Oh and if you've tried this approach before, try it again. And if it doesn't work, try something else. Now if that don't work, well... Then guys just admit it, you're nothing more than the SDS or the DSA. A fringe group that is NEVER going to be nationally powerful. There it is, if you won't do the hard work OR you've tried and you've failed, well the answer just might be, that you're not going to succeed. But try the local approach first.
Jennifer,
Reading your subsequent posts since the one I replied to, I'm now no longer sure if your beef is with libertarianism or the LP. Or just with H&R commentators! For myself, I have little faith in the LP as a means for social change. If the electorate changed its views enough to even consider the views of even a less extreme LP, one of the major parties would likely glom onto those positions before the LP could take advantage. Changing people's minds is more important I think than changing the LP. I still recognize that it's an uphill battle to show people that minimum wage laws and the special status given to sexual harrassment both are unfair and usually do more harm than good, but once again, that doesn't mean I'm going to stop saying so.
I remember in high school, we learned about the history of third parties. Bottom line: Successful third parties have their ideas co-opted by one of the big two. Remember Perot and the deficit?
Some real advice: Read the piece in the NYTimes today about a new third parties: http://www.nytimes.com/2004/11/07/nyregion/07working.html
Come to New York, endorse a candidate on your own line, and you'll be on the ballot. It's doable.
But in the long run, the power of ideas is greater than the power of a political party.
"Peace, Liberty, and Equality WILL be achieved thru the action of government."
When and where has THAT ever happened?
And what do YOU mean by equality?
The purpose of the strawman of the "ideal" is that critics of libertarian thought usually seem to think that there are no problems with political control.
"We simply hope to hold the wars and oppression to a minimum, and the corruption, too."
There ain't no hope. Corruption is an unavoidable byproduct of political systems. In fact, from the get-go political action entails the abandonment of moral principle. Thou shalt coerce thy neighbor.
And it strikes me odd to hear Christians endorsing political solutions when political action is actually anethema to true morality.
Yeah, I'm familiar with "render unto Ceasar", but that begs the question: What is Ceasars? (according to Ceasar, anything he claims as his)
"Part of that is to be achieved by limiting government's scope and powers,"
And how to you propose to do that? The tendency of things is for liberty to yield whle tyranny gains.
The incentives built into authoritarian/heirarchical/political systems combined with human nature make it so.
For what it's worth, apparently the Constitution Party has a candidate for Montana State House of Representatives winning by 1 vote, although there are some provisional ballots to count.

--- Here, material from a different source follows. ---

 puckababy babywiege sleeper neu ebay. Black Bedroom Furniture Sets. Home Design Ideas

http://www.missoulian.com/articles/2004/11/07/news/mtregional/news06.txt
http://ballot-access.org/index.php?p=39
Whatever one thinks of the Constitution Party (I imagine that some here think they are hopelessly theocratic while others think they are pretty decent), if I were thinking of running for office on the LP ticket my first phone call would be to this guy, seeking advice on how to run a third party campaign and win. My next phone calls for advice would be to the various LP members who have been elected to state legislatures, the Green elected to state legislative office in Maine in 2002 (anybody know if he or she was re-elected?), and the Green who was elected to State Assembly in California a few years ago.

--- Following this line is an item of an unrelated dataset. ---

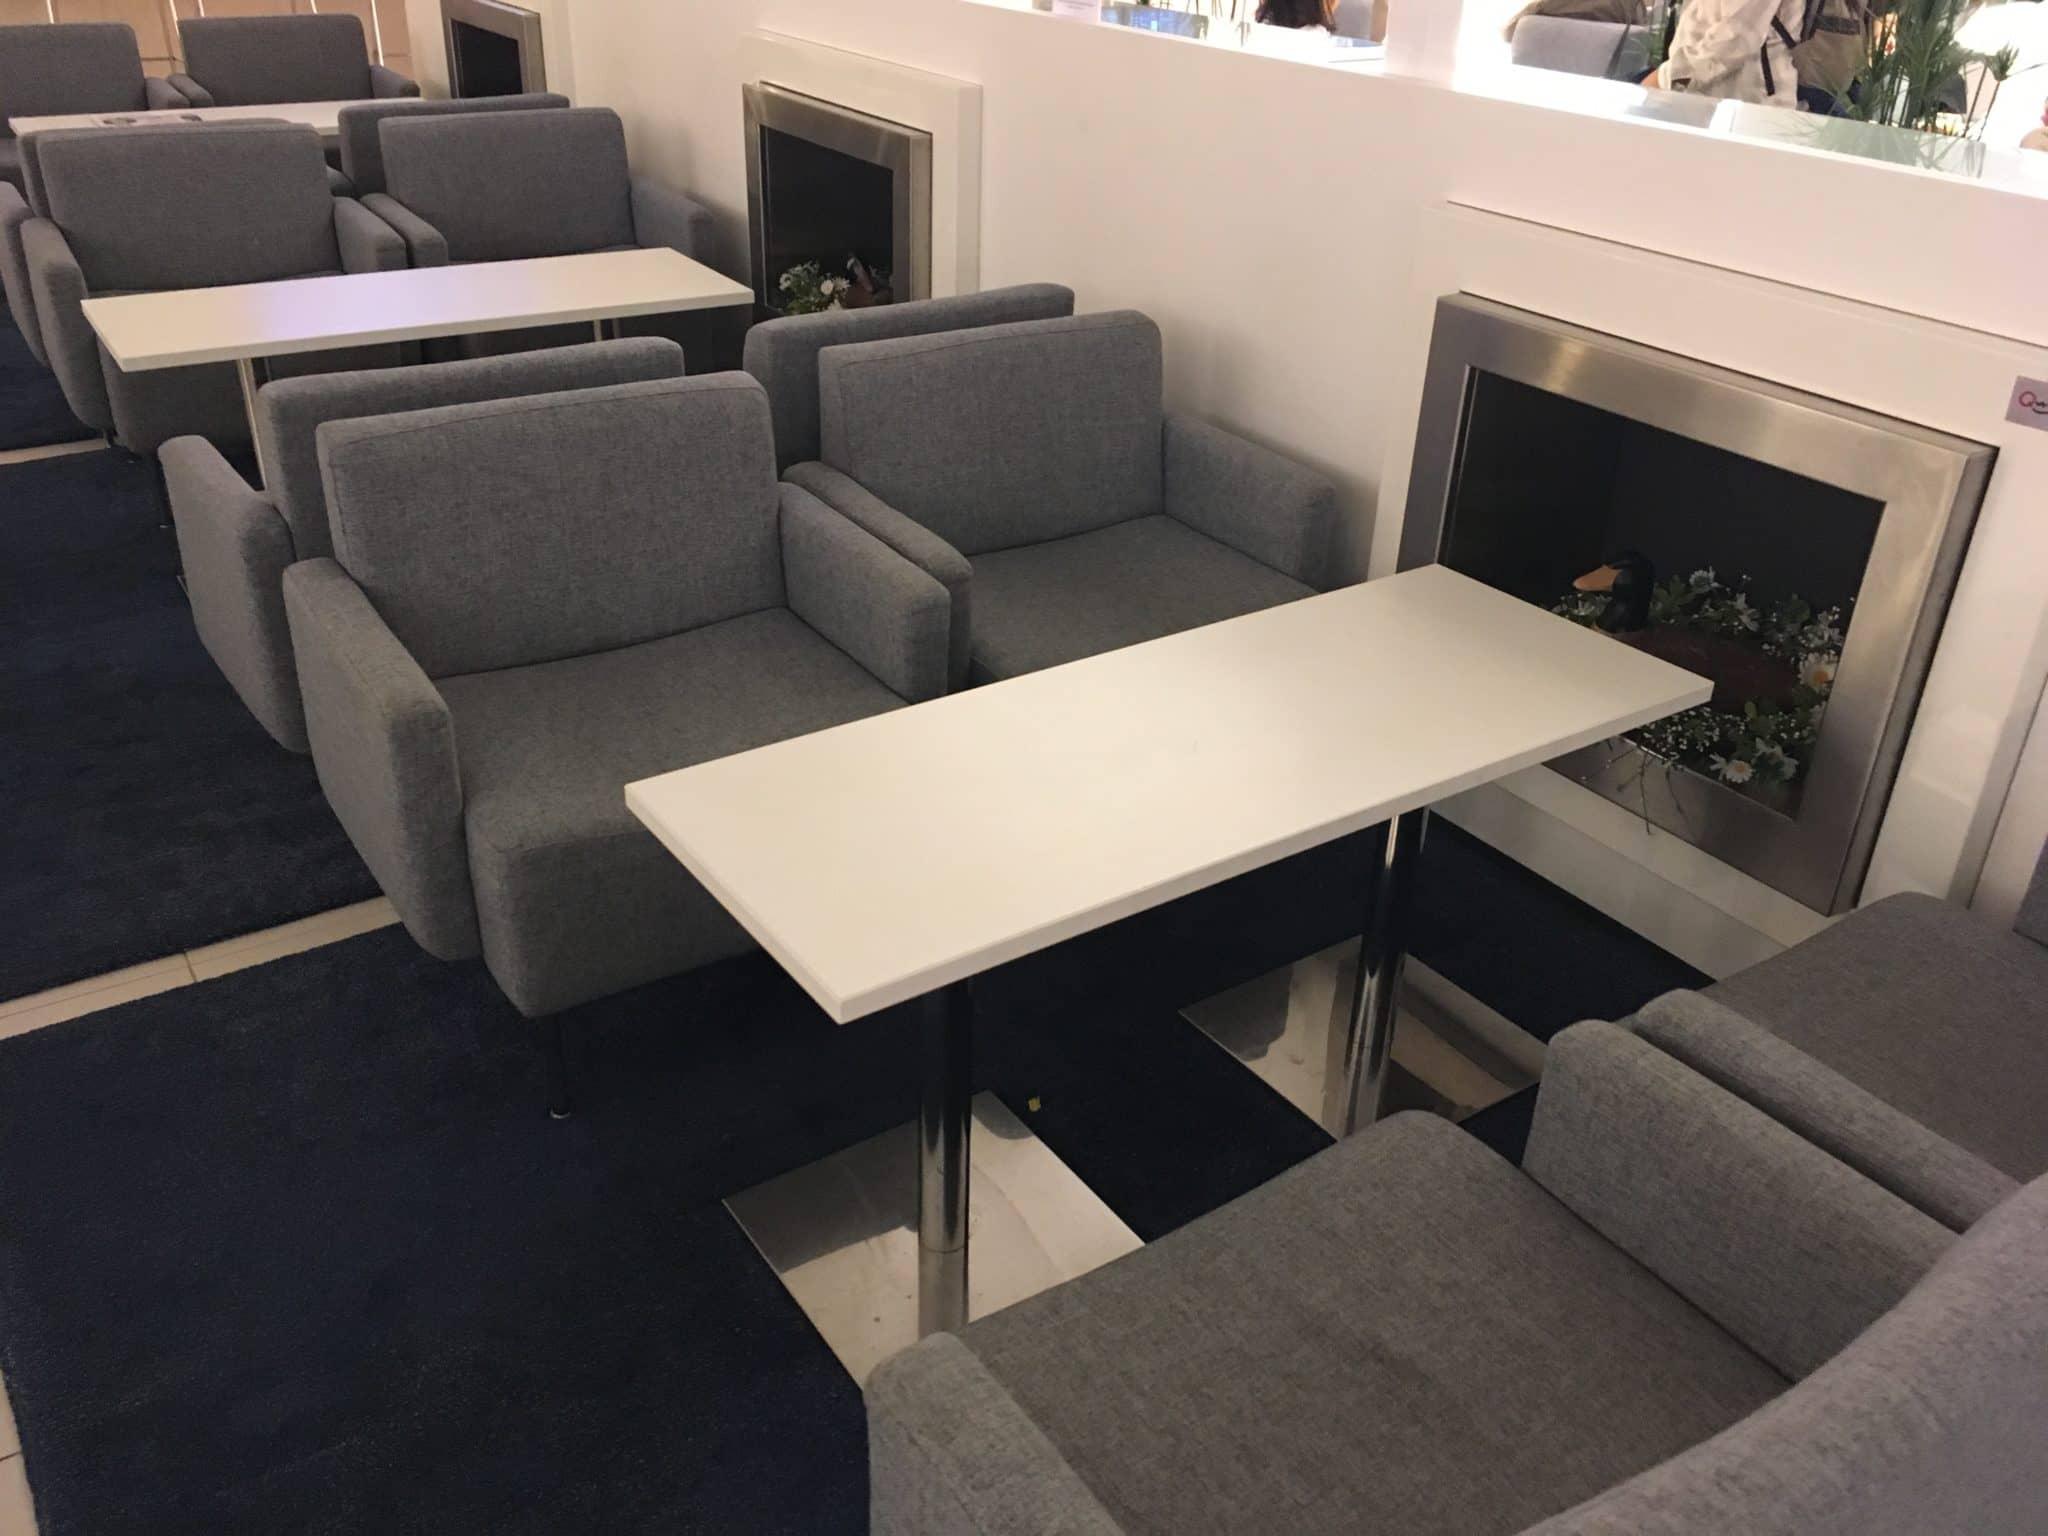 Finnair Lounge Helsinki Non-Schengen Gruppentisch

Whatever one might think of these candidates and their various parties, they clearly know how to win, and so there must be something to learn from them.
A little late to be jumping on this thread, but...
It is human nature to either lead or follow. The "moral values" crowd, for example, isn't about *being* moral, or even *having* moral values, it is about coercing others into exhibiting a certain set of moral values through their behavior, whether they actually agree with that set of values or not. It is about dominance and submission, if you want to be sexy about it.
I suspect that the species itself will have to mature greatly before it is prepared to accept the proposition "live and let live." Until that time comes, keeping the feeble flame alive is about all the LP is going to accomplish, in and of itself.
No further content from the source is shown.